__Your assignment__. Every line in the data below from the one containing "ICQ Logo PNG görüntüleri" down to the one containing "de su padre", both included, must be retyped exactly; no other line is to appear.

(Exercise materials)

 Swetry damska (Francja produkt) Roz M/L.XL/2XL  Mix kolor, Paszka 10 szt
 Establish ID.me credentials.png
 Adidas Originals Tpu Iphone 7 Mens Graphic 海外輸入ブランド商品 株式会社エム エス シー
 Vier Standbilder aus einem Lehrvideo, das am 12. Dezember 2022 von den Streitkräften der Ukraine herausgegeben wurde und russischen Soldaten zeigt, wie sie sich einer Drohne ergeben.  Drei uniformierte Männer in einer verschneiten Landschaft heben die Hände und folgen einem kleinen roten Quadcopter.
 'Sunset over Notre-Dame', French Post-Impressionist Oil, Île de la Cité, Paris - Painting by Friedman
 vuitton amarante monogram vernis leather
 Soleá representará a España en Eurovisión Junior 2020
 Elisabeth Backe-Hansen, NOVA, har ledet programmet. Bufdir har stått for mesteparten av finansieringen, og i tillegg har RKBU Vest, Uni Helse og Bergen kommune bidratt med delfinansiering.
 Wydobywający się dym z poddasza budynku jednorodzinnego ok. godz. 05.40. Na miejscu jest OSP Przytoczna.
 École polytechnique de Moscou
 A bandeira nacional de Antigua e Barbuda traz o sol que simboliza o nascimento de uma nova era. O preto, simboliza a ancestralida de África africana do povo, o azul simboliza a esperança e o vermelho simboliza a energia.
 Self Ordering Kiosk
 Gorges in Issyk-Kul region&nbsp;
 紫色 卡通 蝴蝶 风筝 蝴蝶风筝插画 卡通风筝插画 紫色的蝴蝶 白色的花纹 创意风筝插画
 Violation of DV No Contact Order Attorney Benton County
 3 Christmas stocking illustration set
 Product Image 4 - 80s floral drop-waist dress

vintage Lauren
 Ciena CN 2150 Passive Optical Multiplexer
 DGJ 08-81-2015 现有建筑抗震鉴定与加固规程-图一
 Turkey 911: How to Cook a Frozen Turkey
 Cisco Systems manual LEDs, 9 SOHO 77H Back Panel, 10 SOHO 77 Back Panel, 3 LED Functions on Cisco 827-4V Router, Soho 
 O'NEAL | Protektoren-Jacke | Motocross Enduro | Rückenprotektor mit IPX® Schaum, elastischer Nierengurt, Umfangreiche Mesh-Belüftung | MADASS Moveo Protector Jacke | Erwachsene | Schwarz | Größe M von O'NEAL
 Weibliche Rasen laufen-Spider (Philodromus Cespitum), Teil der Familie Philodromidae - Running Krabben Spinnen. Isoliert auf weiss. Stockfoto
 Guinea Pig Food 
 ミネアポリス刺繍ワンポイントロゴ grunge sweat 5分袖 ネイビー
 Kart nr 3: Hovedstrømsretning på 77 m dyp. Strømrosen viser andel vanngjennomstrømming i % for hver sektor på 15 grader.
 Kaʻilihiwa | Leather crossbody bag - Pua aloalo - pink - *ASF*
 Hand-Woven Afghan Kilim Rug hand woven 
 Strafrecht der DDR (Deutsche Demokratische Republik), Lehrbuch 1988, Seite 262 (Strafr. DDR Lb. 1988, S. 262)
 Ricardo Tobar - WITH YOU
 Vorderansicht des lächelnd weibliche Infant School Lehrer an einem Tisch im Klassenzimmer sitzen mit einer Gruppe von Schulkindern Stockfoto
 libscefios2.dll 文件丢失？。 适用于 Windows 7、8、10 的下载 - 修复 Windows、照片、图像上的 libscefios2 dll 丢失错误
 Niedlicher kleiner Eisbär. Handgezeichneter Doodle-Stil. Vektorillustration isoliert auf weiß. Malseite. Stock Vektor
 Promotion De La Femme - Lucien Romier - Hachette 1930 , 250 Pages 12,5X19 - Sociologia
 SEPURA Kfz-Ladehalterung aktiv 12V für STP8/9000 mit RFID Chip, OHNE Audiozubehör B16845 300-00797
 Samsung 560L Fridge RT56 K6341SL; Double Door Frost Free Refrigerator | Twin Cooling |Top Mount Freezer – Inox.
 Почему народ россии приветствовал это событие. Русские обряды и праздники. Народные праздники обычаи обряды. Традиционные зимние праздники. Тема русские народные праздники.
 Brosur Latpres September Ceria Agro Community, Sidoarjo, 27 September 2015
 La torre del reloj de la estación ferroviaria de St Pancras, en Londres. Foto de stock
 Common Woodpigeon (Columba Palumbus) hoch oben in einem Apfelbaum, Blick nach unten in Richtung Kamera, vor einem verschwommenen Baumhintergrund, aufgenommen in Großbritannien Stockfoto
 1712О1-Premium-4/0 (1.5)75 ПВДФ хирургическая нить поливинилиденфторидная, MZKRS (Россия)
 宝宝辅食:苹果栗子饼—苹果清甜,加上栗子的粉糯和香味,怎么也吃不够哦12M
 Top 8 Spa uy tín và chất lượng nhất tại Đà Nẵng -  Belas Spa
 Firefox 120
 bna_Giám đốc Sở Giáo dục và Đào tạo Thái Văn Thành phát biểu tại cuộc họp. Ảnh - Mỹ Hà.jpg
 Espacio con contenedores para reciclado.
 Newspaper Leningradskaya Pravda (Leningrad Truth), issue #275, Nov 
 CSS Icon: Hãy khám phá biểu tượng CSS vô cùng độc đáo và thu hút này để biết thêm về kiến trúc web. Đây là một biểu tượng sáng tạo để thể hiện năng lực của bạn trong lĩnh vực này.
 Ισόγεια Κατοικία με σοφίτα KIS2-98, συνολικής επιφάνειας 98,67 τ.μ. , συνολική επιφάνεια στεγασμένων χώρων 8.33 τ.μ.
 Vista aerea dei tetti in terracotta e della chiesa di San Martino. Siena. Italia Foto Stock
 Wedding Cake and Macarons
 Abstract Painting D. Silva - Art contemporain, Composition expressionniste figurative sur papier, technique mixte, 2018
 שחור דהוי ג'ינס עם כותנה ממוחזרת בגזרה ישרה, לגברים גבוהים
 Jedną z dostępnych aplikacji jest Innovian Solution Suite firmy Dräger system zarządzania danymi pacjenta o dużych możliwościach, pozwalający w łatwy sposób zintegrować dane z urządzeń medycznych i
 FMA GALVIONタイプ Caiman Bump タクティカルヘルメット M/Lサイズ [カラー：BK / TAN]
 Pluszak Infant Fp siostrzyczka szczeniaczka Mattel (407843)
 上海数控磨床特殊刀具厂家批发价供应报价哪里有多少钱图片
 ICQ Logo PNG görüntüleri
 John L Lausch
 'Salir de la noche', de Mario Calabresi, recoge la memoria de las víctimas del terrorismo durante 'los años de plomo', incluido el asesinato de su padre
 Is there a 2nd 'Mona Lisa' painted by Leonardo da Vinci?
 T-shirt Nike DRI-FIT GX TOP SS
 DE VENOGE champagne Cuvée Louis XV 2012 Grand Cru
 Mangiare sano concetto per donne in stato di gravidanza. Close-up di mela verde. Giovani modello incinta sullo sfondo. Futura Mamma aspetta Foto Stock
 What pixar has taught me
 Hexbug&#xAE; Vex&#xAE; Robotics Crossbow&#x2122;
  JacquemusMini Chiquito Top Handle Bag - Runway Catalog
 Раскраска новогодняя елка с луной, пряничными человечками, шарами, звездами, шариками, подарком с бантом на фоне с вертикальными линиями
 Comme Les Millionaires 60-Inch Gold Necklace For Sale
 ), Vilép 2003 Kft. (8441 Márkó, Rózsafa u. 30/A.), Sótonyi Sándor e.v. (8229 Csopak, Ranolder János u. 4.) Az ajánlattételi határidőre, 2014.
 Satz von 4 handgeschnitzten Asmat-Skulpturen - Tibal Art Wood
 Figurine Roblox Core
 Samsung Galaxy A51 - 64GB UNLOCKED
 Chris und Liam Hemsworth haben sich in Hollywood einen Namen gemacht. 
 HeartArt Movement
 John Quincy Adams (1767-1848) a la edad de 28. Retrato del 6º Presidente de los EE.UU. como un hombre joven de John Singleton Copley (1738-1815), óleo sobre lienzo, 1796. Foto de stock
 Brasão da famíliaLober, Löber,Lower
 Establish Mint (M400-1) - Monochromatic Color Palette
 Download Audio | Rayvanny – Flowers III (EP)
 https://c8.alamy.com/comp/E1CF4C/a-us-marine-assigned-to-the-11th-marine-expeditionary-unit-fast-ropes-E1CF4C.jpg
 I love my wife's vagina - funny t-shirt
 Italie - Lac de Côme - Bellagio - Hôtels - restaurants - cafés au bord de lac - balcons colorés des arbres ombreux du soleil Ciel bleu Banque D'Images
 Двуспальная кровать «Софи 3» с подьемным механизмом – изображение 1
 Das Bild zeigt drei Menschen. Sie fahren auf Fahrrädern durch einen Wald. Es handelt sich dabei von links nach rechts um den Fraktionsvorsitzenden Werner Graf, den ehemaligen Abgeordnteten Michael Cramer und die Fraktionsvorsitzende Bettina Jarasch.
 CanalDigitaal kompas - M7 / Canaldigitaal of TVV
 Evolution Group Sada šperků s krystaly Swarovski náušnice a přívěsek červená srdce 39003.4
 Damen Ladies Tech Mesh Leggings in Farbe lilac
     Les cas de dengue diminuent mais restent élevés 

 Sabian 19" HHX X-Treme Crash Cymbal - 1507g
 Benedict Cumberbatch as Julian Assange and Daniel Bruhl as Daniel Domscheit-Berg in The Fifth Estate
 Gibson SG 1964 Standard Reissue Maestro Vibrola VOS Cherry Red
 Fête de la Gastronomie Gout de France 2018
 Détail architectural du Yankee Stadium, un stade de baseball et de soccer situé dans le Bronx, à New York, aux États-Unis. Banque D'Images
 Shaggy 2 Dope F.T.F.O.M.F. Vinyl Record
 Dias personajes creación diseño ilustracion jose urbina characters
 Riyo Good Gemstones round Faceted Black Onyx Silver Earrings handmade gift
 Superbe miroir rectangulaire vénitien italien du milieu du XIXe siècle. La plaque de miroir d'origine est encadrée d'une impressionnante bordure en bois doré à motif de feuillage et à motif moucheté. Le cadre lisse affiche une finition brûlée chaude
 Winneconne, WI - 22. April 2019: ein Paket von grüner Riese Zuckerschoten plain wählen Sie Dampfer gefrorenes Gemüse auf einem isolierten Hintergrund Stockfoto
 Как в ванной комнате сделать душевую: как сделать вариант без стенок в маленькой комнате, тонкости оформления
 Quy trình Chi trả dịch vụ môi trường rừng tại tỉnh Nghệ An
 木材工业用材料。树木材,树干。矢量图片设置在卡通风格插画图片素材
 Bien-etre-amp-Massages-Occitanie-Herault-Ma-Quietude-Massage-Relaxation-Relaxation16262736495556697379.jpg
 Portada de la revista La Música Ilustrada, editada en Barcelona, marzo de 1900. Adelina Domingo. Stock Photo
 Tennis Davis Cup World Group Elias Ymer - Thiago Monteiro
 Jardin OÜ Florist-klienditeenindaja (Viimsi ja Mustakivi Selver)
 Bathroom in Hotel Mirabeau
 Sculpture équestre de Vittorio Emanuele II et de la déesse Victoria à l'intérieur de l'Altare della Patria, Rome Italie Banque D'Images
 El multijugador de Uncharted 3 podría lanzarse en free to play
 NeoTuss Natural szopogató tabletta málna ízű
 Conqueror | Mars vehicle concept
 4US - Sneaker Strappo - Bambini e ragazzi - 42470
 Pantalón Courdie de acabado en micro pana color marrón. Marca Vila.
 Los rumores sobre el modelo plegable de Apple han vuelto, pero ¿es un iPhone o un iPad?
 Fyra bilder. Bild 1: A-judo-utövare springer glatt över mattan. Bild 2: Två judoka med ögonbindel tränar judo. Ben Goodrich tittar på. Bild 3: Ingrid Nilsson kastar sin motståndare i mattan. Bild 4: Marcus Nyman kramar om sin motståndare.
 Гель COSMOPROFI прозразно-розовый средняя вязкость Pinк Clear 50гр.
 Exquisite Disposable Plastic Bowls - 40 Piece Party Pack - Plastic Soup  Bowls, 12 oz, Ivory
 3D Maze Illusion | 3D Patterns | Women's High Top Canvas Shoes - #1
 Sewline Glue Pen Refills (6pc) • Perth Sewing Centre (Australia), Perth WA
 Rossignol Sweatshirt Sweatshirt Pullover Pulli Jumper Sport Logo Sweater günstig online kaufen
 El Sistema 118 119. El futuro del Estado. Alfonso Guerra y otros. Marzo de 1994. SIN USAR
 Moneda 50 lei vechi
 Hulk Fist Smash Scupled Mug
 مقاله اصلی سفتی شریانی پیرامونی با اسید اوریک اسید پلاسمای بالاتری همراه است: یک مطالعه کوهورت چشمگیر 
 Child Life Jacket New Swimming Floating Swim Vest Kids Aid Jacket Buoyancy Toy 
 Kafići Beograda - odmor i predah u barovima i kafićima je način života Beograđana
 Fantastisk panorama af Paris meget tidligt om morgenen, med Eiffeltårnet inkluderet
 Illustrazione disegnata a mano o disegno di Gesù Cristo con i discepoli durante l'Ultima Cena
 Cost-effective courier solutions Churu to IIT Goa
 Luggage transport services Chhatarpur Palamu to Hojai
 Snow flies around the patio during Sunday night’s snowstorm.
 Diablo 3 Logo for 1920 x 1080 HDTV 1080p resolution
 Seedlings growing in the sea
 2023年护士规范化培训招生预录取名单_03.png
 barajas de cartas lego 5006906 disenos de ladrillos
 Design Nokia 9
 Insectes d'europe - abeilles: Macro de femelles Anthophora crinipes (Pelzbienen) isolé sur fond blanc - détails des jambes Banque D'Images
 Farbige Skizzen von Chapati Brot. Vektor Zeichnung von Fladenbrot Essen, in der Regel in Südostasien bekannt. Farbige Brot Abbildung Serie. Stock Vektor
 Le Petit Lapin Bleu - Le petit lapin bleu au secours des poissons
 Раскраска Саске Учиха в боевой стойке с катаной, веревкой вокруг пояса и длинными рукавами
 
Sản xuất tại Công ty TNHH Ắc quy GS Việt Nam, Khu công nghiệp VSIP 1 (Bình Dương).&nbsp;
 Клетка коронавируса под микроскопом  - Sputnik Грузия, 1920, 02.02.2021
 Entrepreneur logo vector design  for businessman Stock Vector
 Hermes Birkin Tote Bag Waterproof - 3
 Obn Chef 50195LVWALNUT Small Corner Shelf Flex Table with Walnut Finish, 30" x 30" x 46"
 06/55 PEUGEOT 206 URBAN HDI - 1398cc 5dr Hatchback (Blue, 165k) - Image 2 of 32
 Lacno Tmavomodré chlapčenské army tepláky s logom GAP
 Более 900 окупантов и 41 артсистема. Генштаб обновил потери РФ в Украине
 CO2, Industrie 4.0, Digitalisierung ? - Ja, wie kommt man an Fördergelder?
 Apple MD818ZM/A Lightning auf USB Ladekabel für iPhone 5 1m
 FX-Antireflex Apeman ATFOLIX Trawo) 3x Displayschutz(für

(End Exercise materials)

__Answer__.
 ICQ Logo PNG görüntüleri
 John L Lausch
 'Salir de la noche', de Mario Calabresi, recoge la memoria de las víctimas del terrorismo durante 'los años de plomo', incluido el asesinato de su padre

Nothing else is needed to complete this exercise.